Post by Hilary the Touched » Thu Oct 20, 2005 10:45 pm

http://www.startribune.com/stories/1553/5678828.html

Breaking out of the movie studio mold
Colin Covert, Star Tribune

Last update: October 20, 2005 at 2:50 PM



The annual SMMASH Film Festival, celebrating Strictly Midwest Movies And Short Hits, treats its own eligibility requirements rather cavalierly. The seven-day, 43-film event kicks off today, and its offerings are supposed to come from creators with longtime roots in the heartland. That isn't strictly the case with some of this year's crop.

For a number of the films you'd have to dig deep into the crew and cast to find anyone reared in the Midwest. Canada-born, California-bred actor-director Donal Logue doesn't have significant ties to flyover country. Nor does the delightful French character actor Domonique Pinon ("The City of Lost Children,"Amelie,"A Very Long Engagement"). But if a bit of leniency brings us some delightful films, what's the harm?

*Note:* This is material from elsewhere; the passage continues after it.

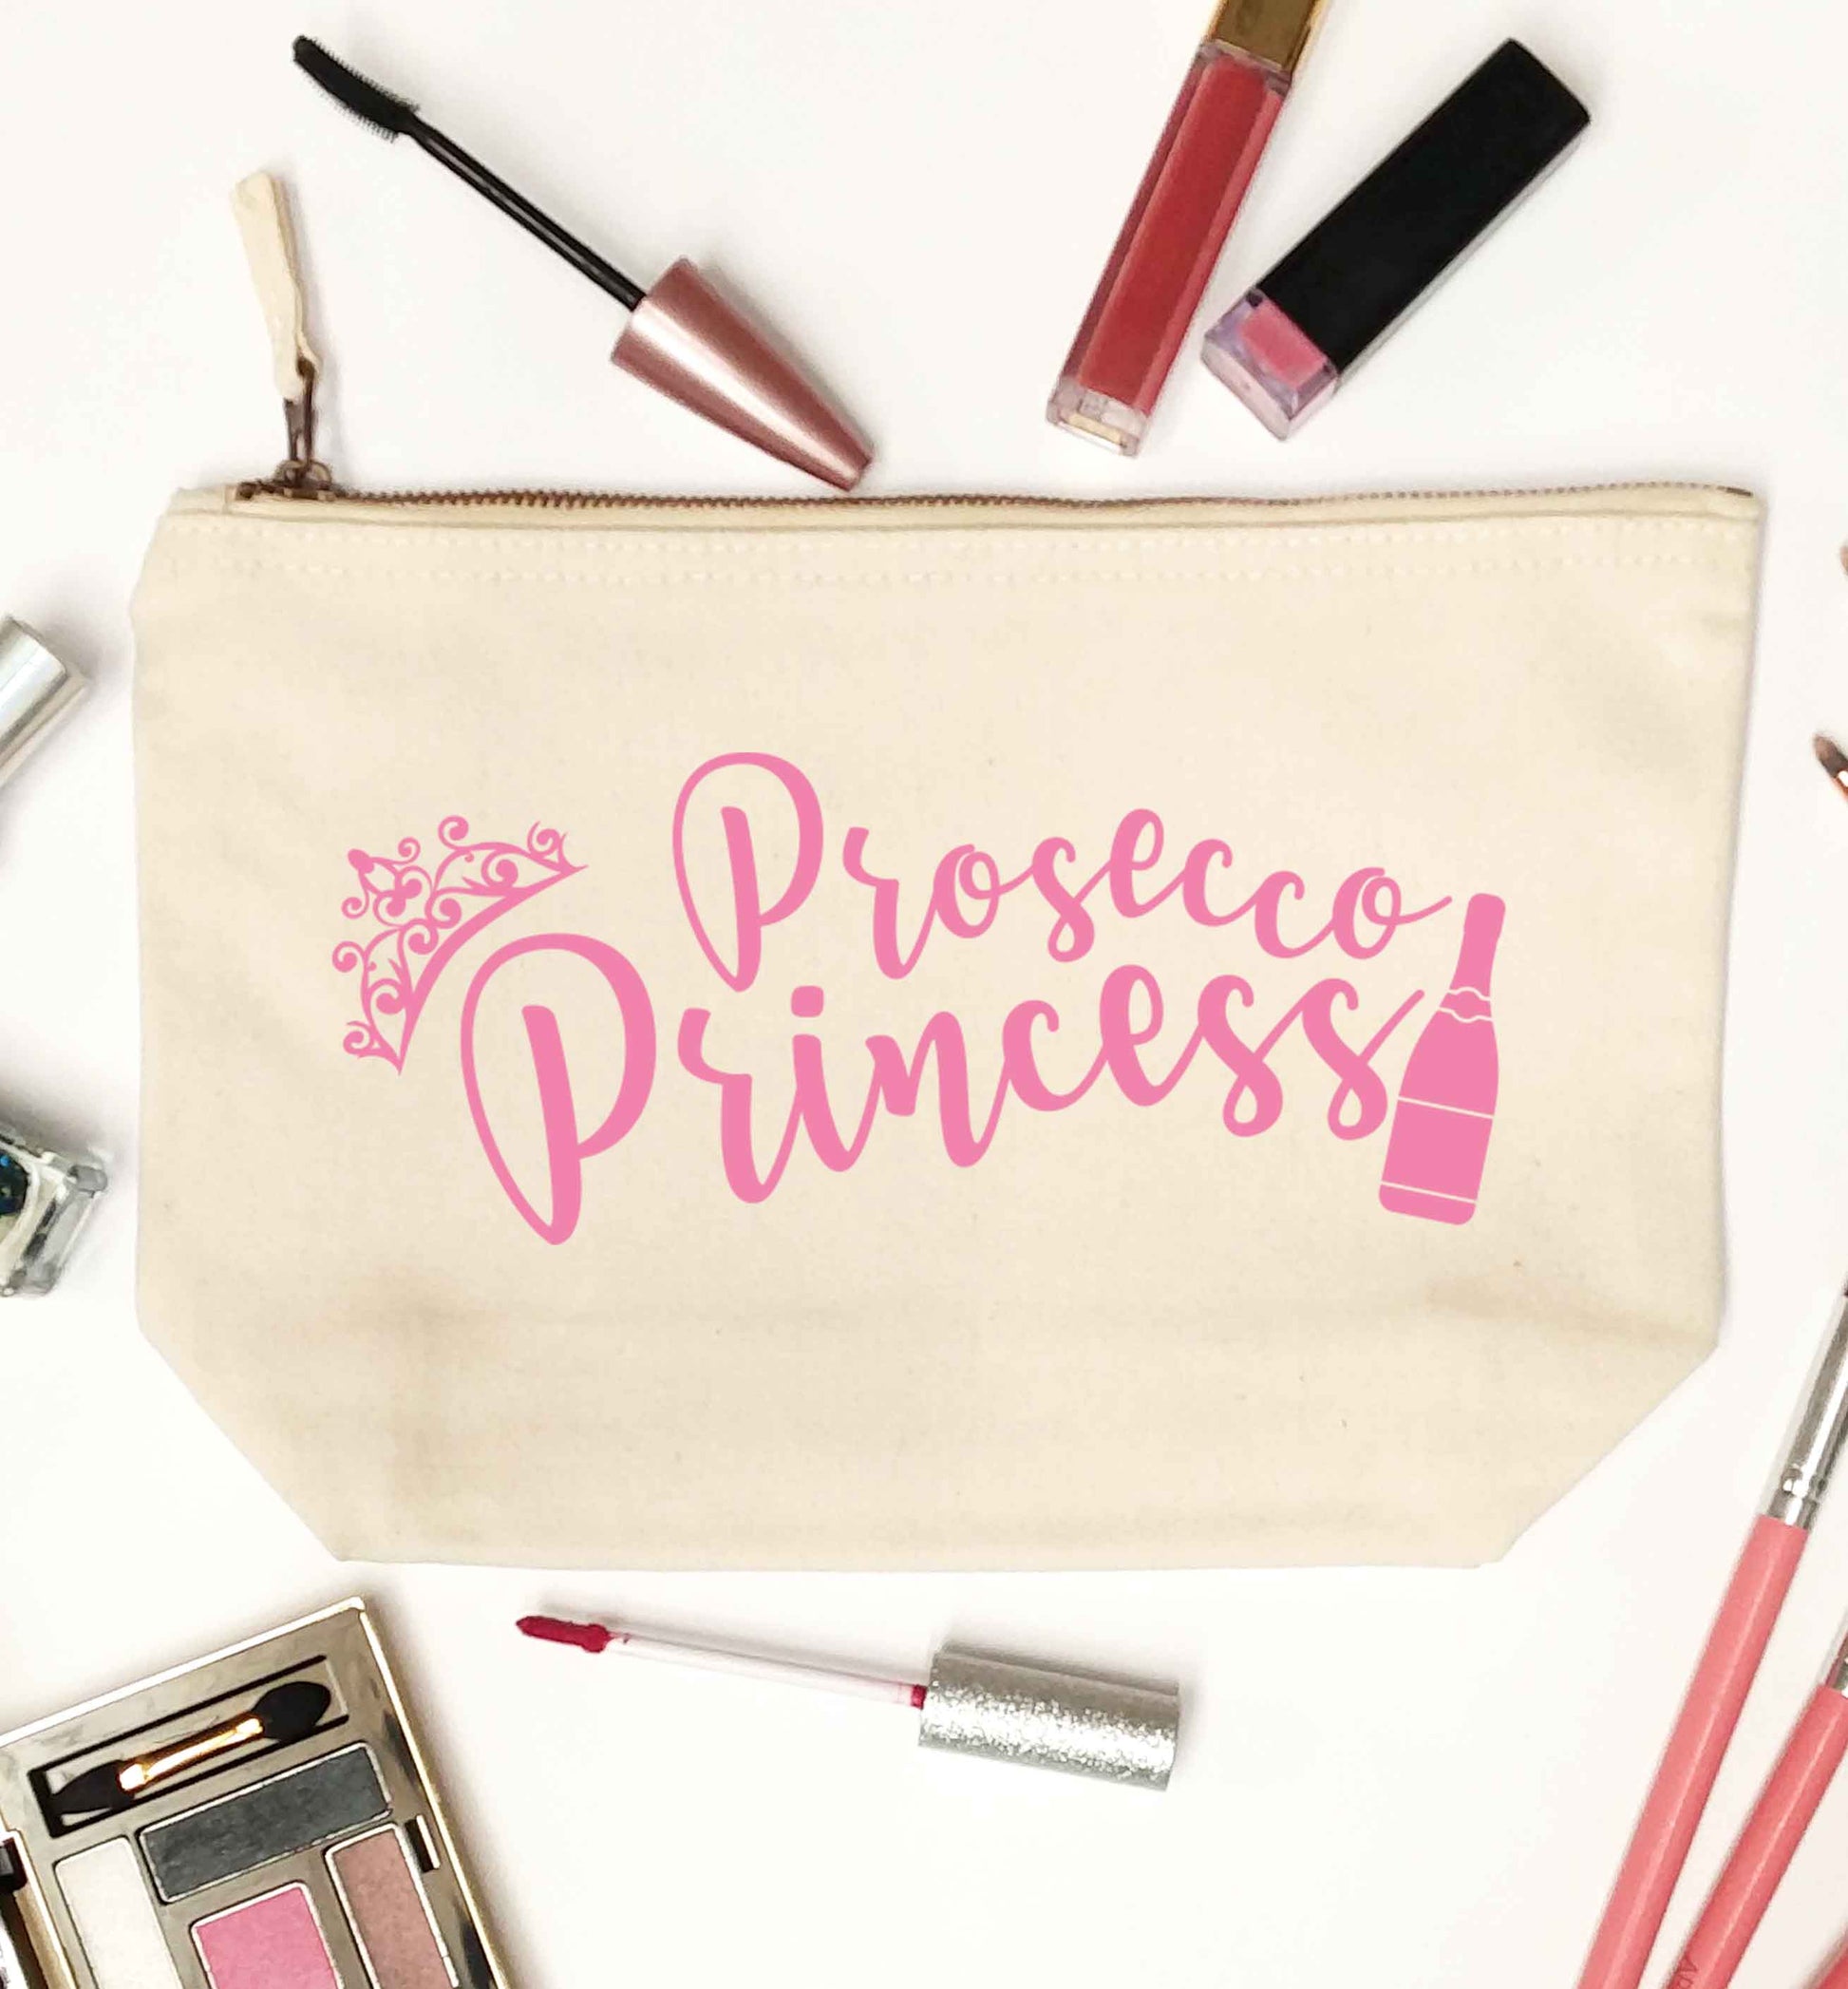 Prosecco princess natural makeup bag

Logue, the star of TV's "Grounded for Life," will attend tonight's 7 o'clock opening film at the Excelsior Dock Cinema 3, the festival's home base. Since his memorable debut as a sweaty, chatterbox cabdriver in MTV promos, he's been moving into ever more significant roles. Now he's making his starring/directing/co-writing debut with "Tennis, Anyone?" a melancholy and humane comedy in the vein of "Sideways."

Logue is accompanying his film on the festival circuit, which he compares to medieval players taking their "Everyman" production from village to village. Audiences responded not just to the comedy -- "which is a slam dunk," he said -- but to the film's deeper themes of searching for purpose in a life that seems to be an endless parade of distractions.

Logue plays Danny, a struggling actor who lands a leading role in a sitcom, then enters a horrendous midlife crisis as his private and professional lives collapse. Although most of those troubles are of his own making, Danny remains someone you identify with and care about.

He rediscovers his balance on the tennis court, where a friend who approaches the game like a Zen master coaches him on the cosmic significance of a smooth backhand. In the finale, Danny faces his insecurities in a doubles duel with his Mephistophelean showbiz mentor, Johnny Green, a preening backstabber played with slimy precision by Jason Isaacs ("Peter Pan").

The ending is among the film's few false steps, with sports-movie uplift when a mordant finale would feel truer. Mostly, though, "Tennis, Anyone?" deftly walks the tightrope between uproariously sad and tragically funny.